Sarka was sitting on her canvas bed. She hadn't moved from the place where she had nearly been strangled the night before. It was before dawn, but folk rose early on the ship; the crewmen's sleeping quarters were empty of the day crew and those who worked overnight had stumbled down to take their rest.

Etza's voice came from somewhere behind Sarka. She did not turn to look.

Someone else said something in response. Sarka thought it might have been the first mate, but as her mind drifted, she failed to piece his words together.

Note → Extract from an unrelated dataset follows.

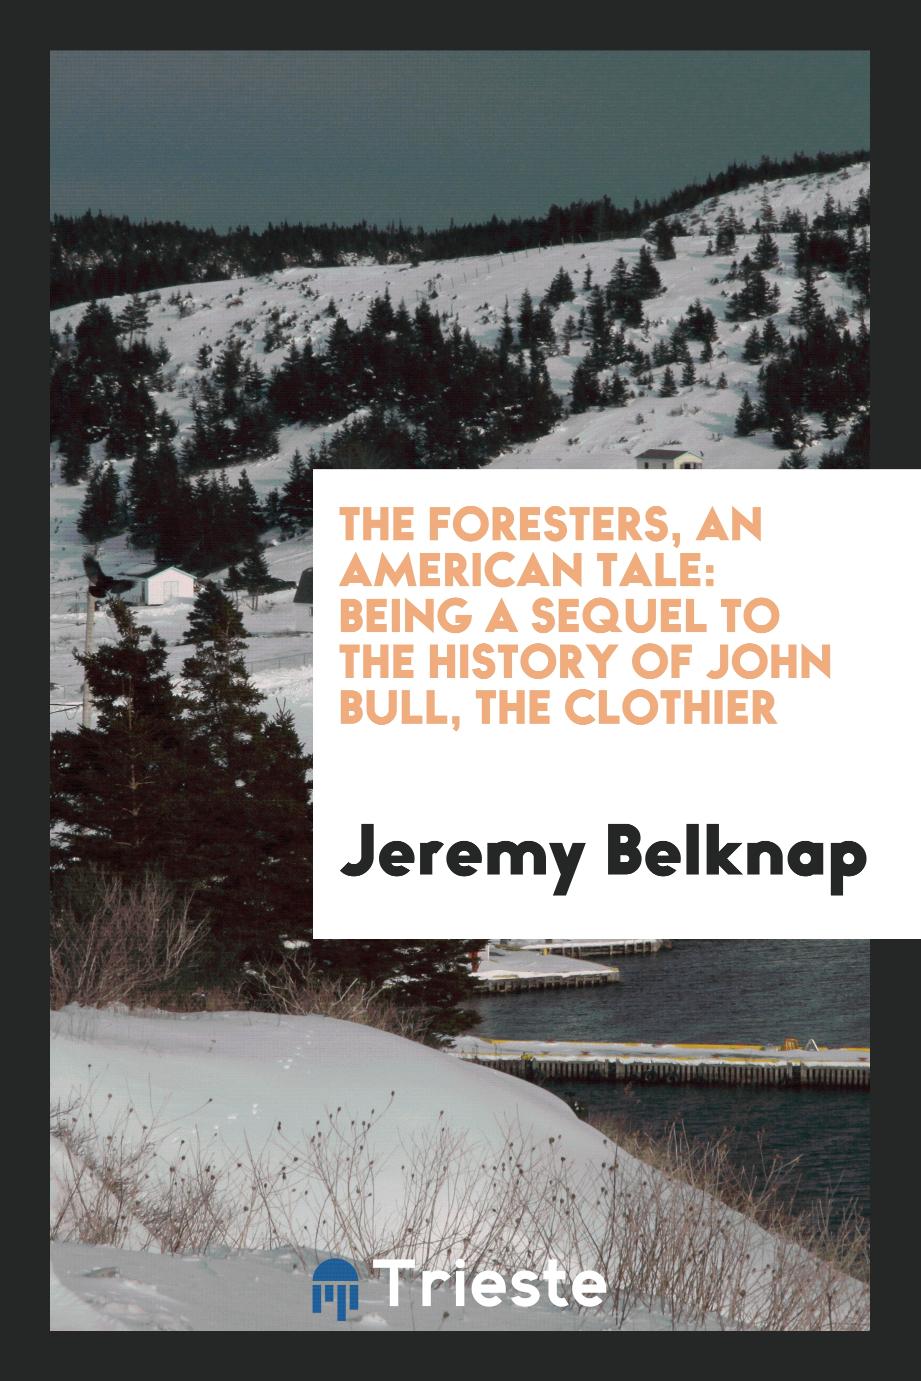 The Foresters, an American Tale: Being a Sequel to the History of John Bull, the Clothier
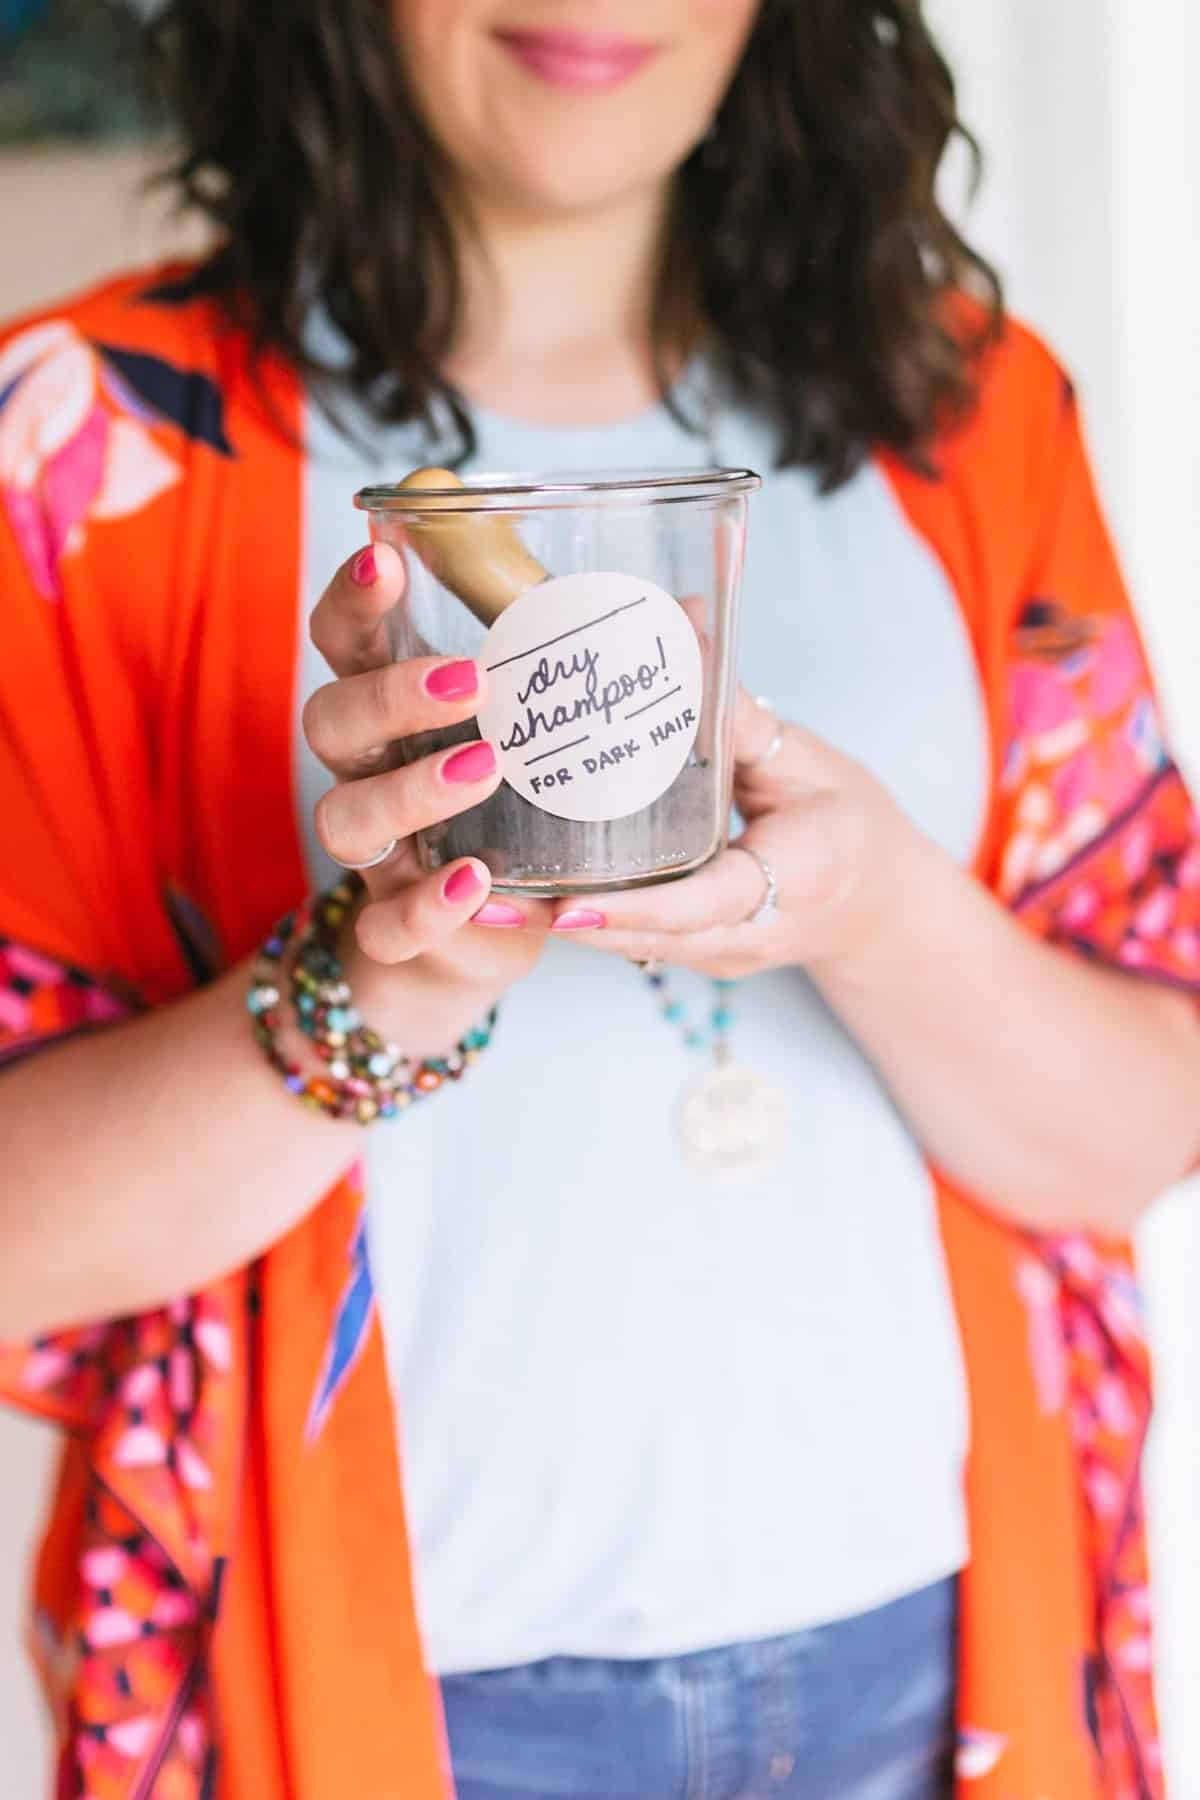 Brunette woman in a neutral top and orange kimono holding a jar labeled "dry shampoo" in both hands.

Etza's voice was clearer. "Well? Sarka, did one of my men attack you?"

Sarka shook her head, her unwashed curls brushing her cheeks. She heard Etza's boots moving away across the deck toward the ladder that would take her abovedecks. After a moment, the heavier steps of the first mate followed her. Distantly, as they climbed, Sarka heard Etza again. "You know what's happening, Arjan, and there's nothing we can do. Leave her be."

Alone again in the dim belly of the ship, Sarka let her eyes fall closed, sitting with her knees pulled to her chest and her head against the wall. She was so tired. She did not know how a person could be this tired and live.

Perhaps they couldn't.

Sarka had decided in the darkest hours of that morning that throwing herself overboard would be the easiest way. She could take her own knife to her wrists or her throat, but that would be dramatic and messy-and it would require more bravery than a fall. Never having encountered a body of water larger than a well, Sarka could not swim. She could simply let herself tumble off the deck, and then she would drown. By the time she had any second thoughts, she would be beyond reach, beyond help.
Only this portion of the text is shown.